# Is Harry Reid pro-gun or anti-gun?



## ShineRunner (Sep 11, 2002)

Good reasons not to have this charactor in office any longer :eyeroll: :******:

42 reasons why Harry Reid MUST be defeated

http://gunowners.org/is-harry-reid-pro-gun-or-anti-gun.htm


----------



## Csquared (Sep 5, 2006)

Have you asked GOA or NAGR who would take his place as majority (or hopefully minority) leader if he was defeated?

There aren't always simple answers, and even fewer simple solutions in politics :wink:

http://www.nraila.org/News/Read/NewsRel ... x?ID=14003


----------



## ShineRunner (Sep 11, 2002)

I haven't ask them the question but I think that if we get this bum out of office it would set a presidence for anyone that follows. Hopefully they would have more respect for the office knowing that someone as powerful, as reid has been allowed to get, can be voted out. Also there is a good chance that the regime in office will start loosing power in the upcoming elections. :beer:


----------



## Csquared (Sep 5, 2006)

Do you think they learned anything when Daschle was run out of town?

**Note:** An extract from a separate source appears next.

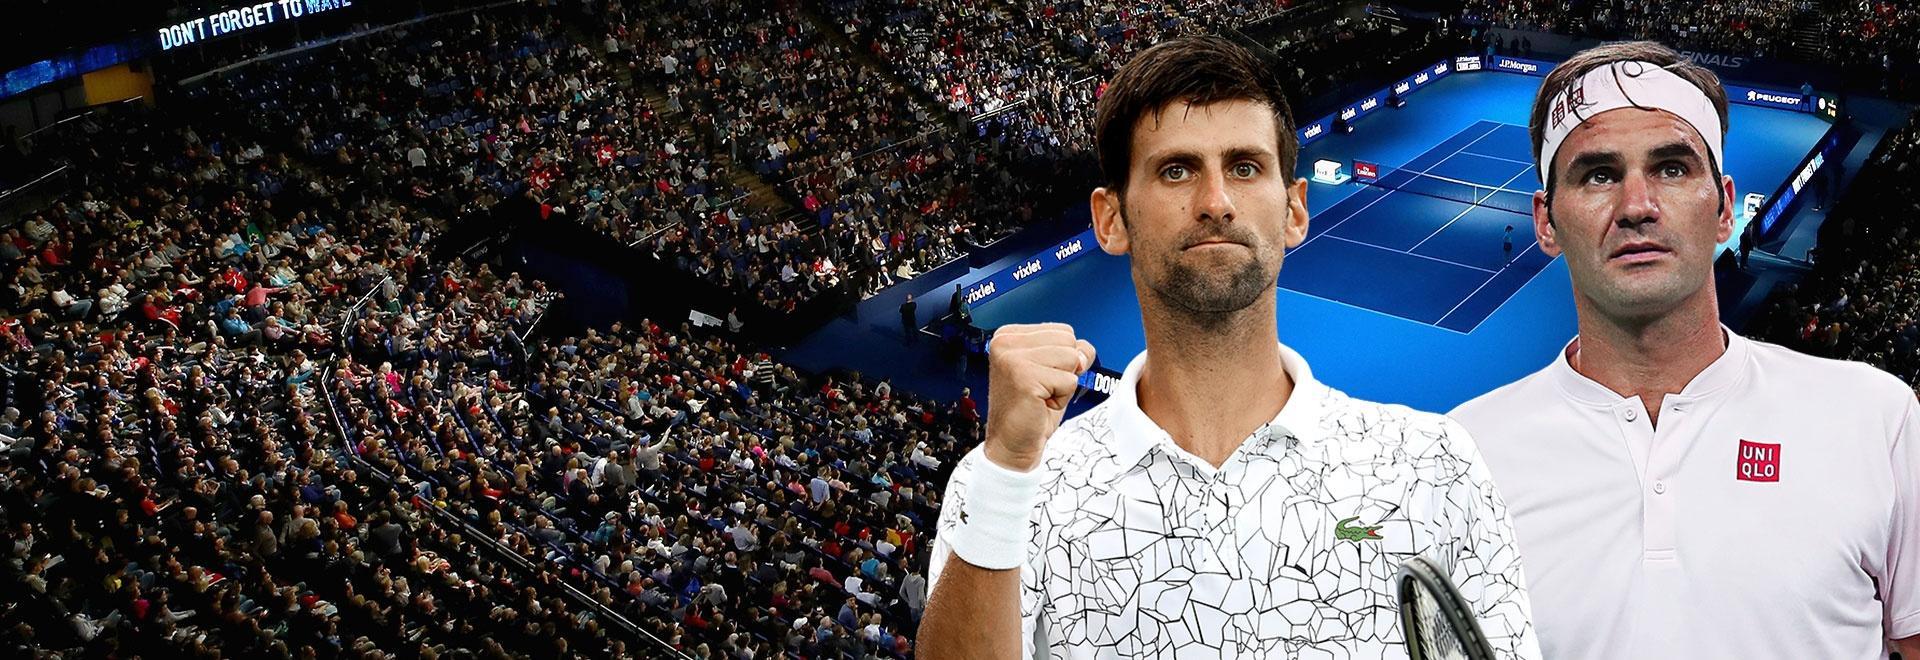 Djokovic - Federer
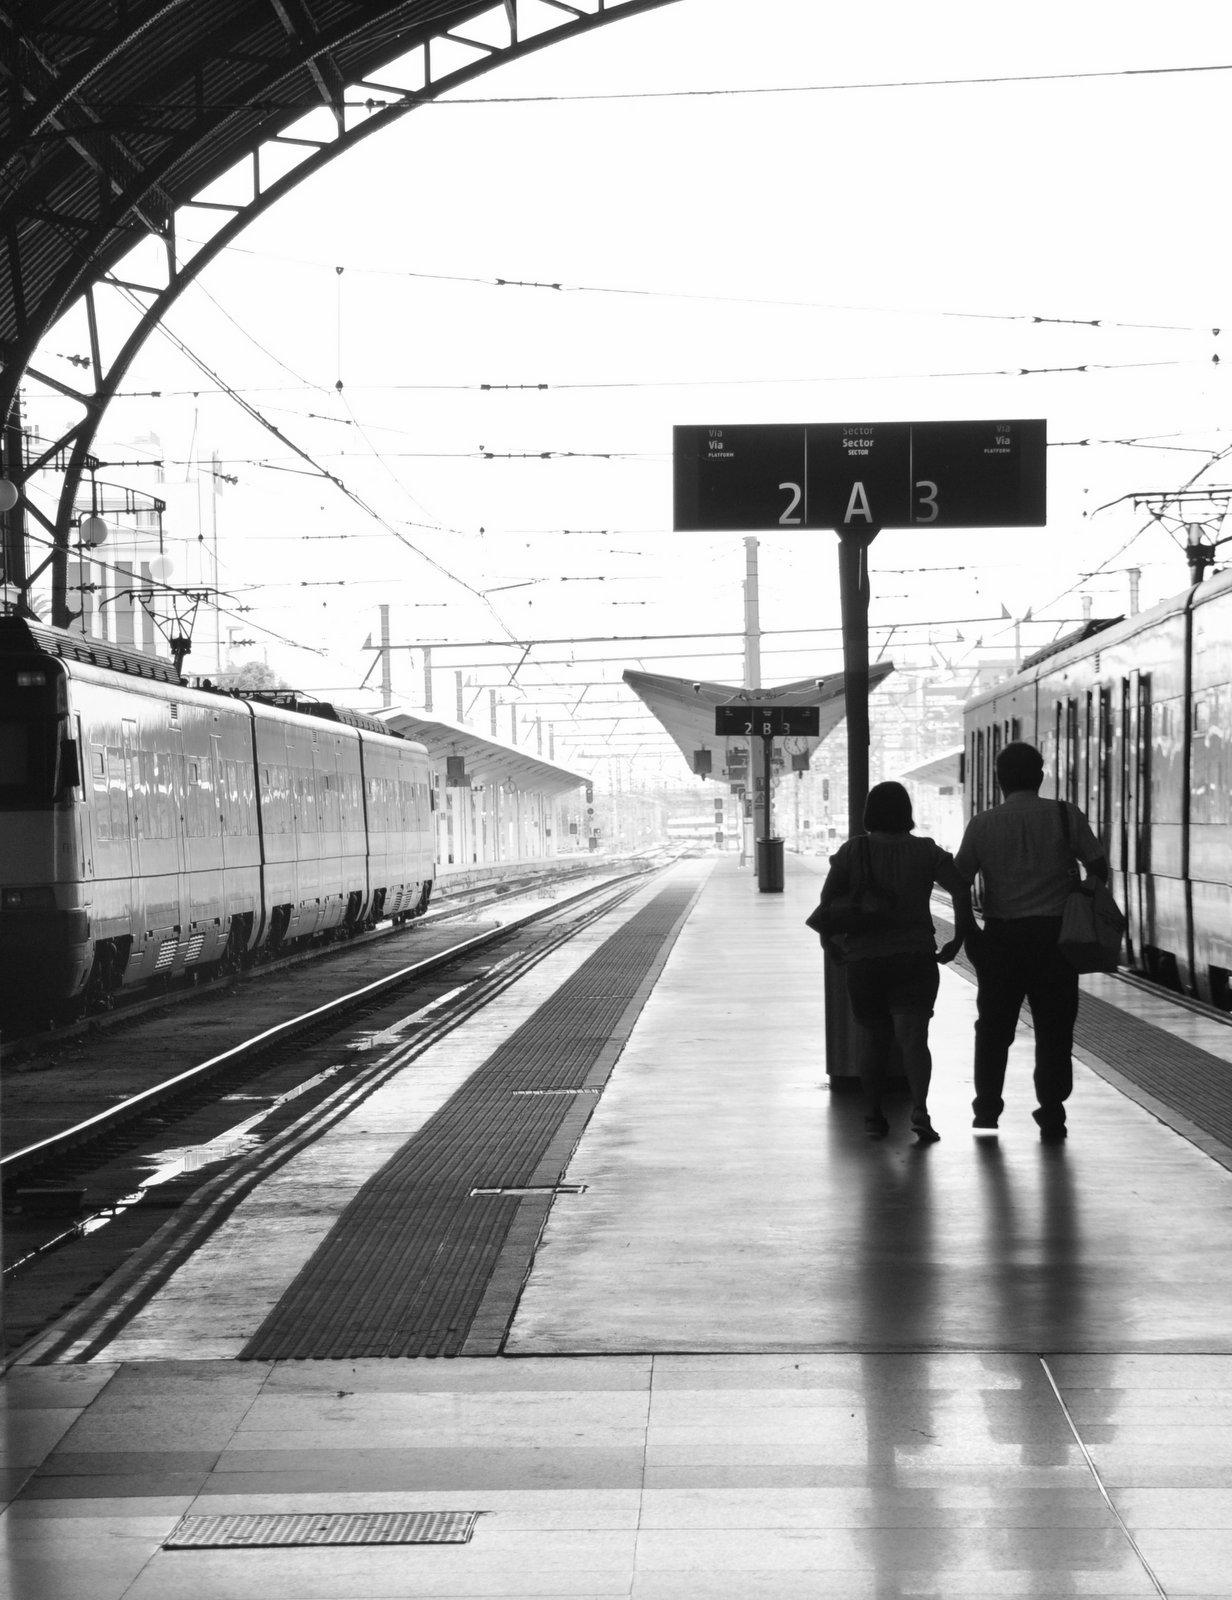 Estacion Nord de trenes

From my perspective things didn't change a whole lot. :wink:


----------



## ShineRunner (Sep 11, 2002)

It is hard to say what the implications are. I hope we are getting into a different enviroment politically and the one's that we vote in will start listening to the majority not the loud minority.

I sent an email to the NAGR and GOA. When they respond I will post.


----------



## ShineRunner (Sep 11, 2002)

Reply email from GOA:

Dear Dale Harris

A new message has been added to the email #200913657.

Thank you for the note.

Reid's replacement would depend on what party controls the Senate.

The important thing is that Reid is an "F" on Second Amendment issues and like all "F" rated candidates; they all should be defeated.

GOA-PVF has endorsed Sharon Angle in this race and we have given 42 reason why Reid should be defeated. Others can speculate.

Thanks for the kind words; take care and keep your powder dry.

Robert Duggar
Gun Owners of America


----------



## Csquared (Sep 5, 2006)

Looks to me like Mr. Duggar has a future in politics.

He dodged your question like a pro 

But on the topic of "F" ratings, didn't they give McCain a "F"? I'm not questioning whether or not he deserved that, but just wondering if you've given any thought to the problem of convincing voters to vote for the lesser of 2 evils (McCain) when their organization has already given both candidates an "F" on the very issue they are pushing for.


----------



## ShineRunner (Sep 11, 2002)

McCain actually has a F- rating by the GOA and they are backing Hayworth in the Arizona race against him. They are backing Angle against reid in Nevada and the polls have Angle down a few points but they haven't really started responding to reid's negative ad's yet.

I have given it some thought but maybe I just don't understand your question.

http://www.ammoland.com/2010/02/19/...tical-victory-endorses-hayworth-for-congress/


----------



## Csquared (Sep 5, 2006)

My question was in response to some of the negative press from NAGR and GOA directed at the NRA for waiting to release ratings on candidates the NAGR and GOA had already labeled as F's, and the election I was referring to was the last presidential election. It's my opinion that if you have already labeled both candidates an F, even though by comparison one may be much closer to an A (by comparison _only_), you have taken away much of your argument to convince your members to vote for the lesser of 2 evils. For example, I work around a lot of union guys...most of whom are gun owners. But if led to believe both candidates are "equal" (both given F ratings) on the gun issue they are much more likely to revert back to the old wivestale about the democrat being for the working man to make their decision.


----------



## ShineRunner (Sep 11, 2002)

My email question is at the bottom and here is the response from NAGR:

It could mean that any number of miscreants would be in charge.

NRA leadership thinks far too highly of their gamesmanship. No one can think that many moves in advance.

But even so, does that mean they should endorse Charles Schumer for leadership, as they might get worse with someone else??

Telling your good members in Nevada to vote for someone so hostile to gun owners' agenda - the truth is, Reid has voted for the meek and weak-kneed agenda of the NRA, but that isn't saying much - is absolutely outrageous.

Dudley Brown
Executive Director

Direct Office Line 970-482-7647
Toll-free line 888-874-3006
Mobile Phone 970-396-3006

------------------------------------------
National Association for Gun Rights
www.NationalGunRights.org
------------------------------------------

---------------------------------------

Sent: Friday, July 16, 2010 5:23 AM
To: [email protected]
Subject: Reid Question

If Reid doesn't win his reelection bid (I hope he doesn't) who will be in line to take his place and what do you think the implications would be?


----------



## Csquared (Sep 5, 2006)

I've spoken with Mr Brown, and that's exactly the response I would expect from him. 

But you did notice neither of the groups blasting the NRA made a legitimate attempt to answer your direct question. :wink:

I'm sure you know where I'm coming from on this, and I applaud you for your vigilance and watchful eye.

Keep up the good work! :beer:


----------